Наконец слуга доложил, что «господин кюре кончил исповедовать».
И они поднялись наверх.
Форестье, казалось, еще похудел со вчерашнего дня.
Священник держал его руку в своей.
– До свидания, сын мой, я приду завтра утром.
С этими словами он удалился.
Как только он вышел за дверь, умирающий, все так же тяжело
дыша, сделал над собой усилие и протянул руки к жене.
– Спаси меня… – зашептал он. – Спаси меня…
милая… я не хочу умирать… я не хочу умирать… Спасите же меня!.. Скажите, что я
должен делать, позовите доктора… Я приму все, что угодно… Я не хочу… я не
хочу!..
Он плакал. По его впалым щекам текли крупные слезы, а углы
иссохших губ оттягивались, как у обиженного ребенка.

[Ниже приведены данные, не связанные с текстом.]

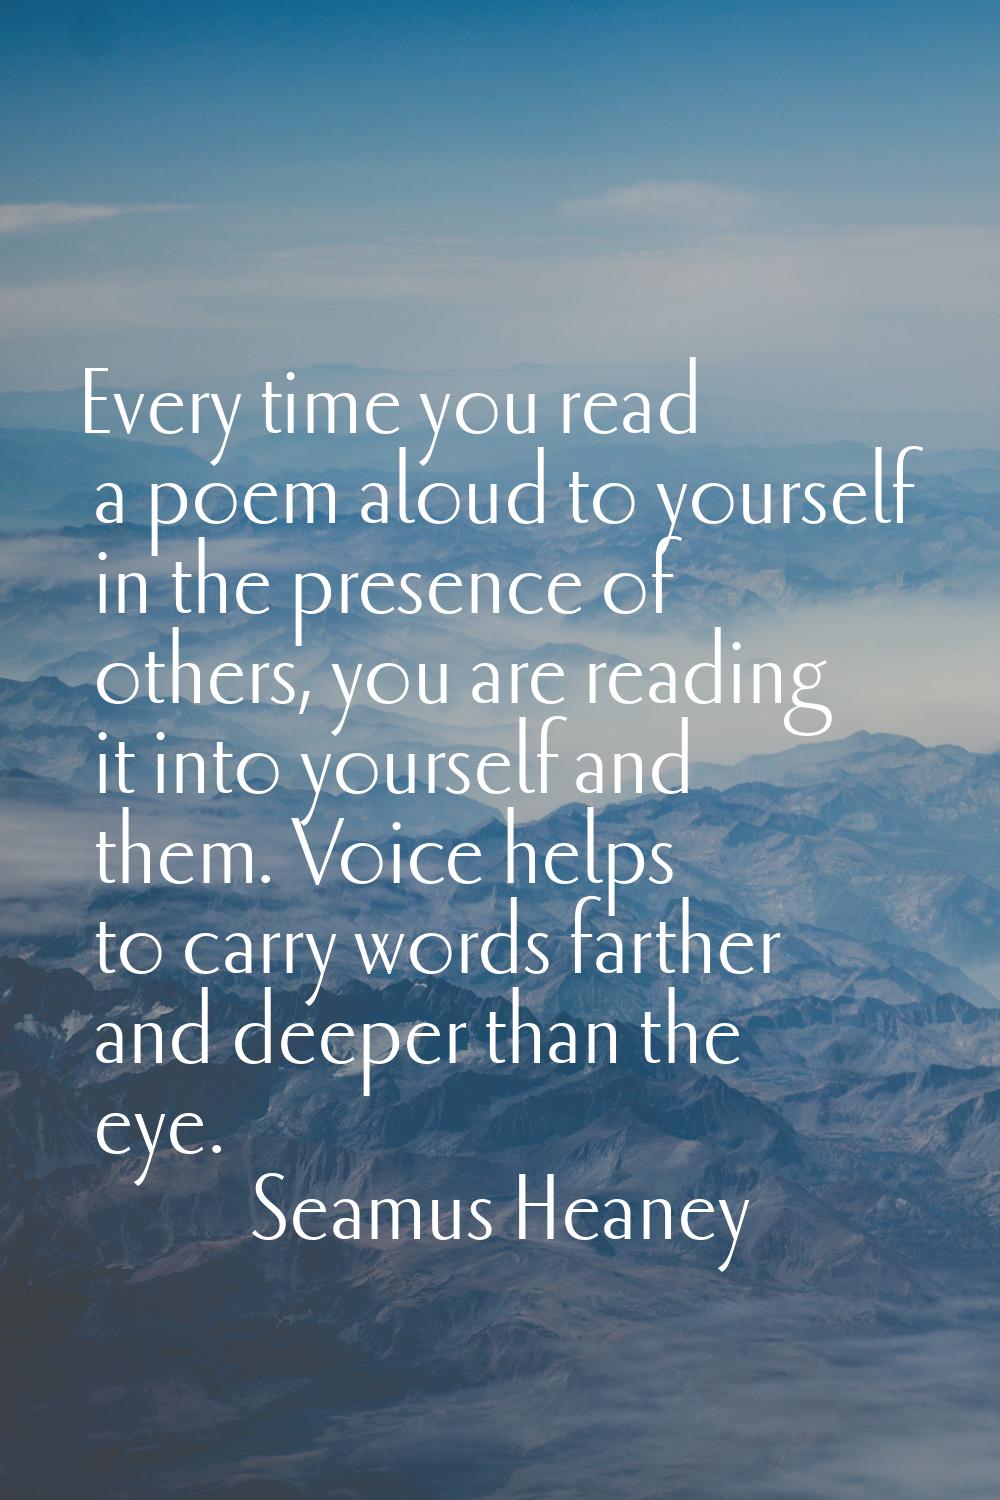 Every time you read a poem aloud to yourself in the presence of others, you are reading it into you

Затем руки его упали на постель, и он начал медленно
перебирать пальцами; следя за этим непрерывным однообразным движением, можно
было подумать, что он собирает что-то на одеяле.
Жена его тоже плакала.
– Да нет же, это пустяки, – лепетала она. –
Обыкновенный припадок, завтра тебе будет лучше, тебя утомила вчерашняя
прогулка.
Дыхание у Форестье было еще более частое, чем у запыхавшейся
от быстрого бега собаки, до того частое, что его невозможно было сосчитать, и
до того слабое, что его почти не было слышно.
Он все повторял:
– Я не хочу умирать!.. Боже мой… Боже мой… Боже мой…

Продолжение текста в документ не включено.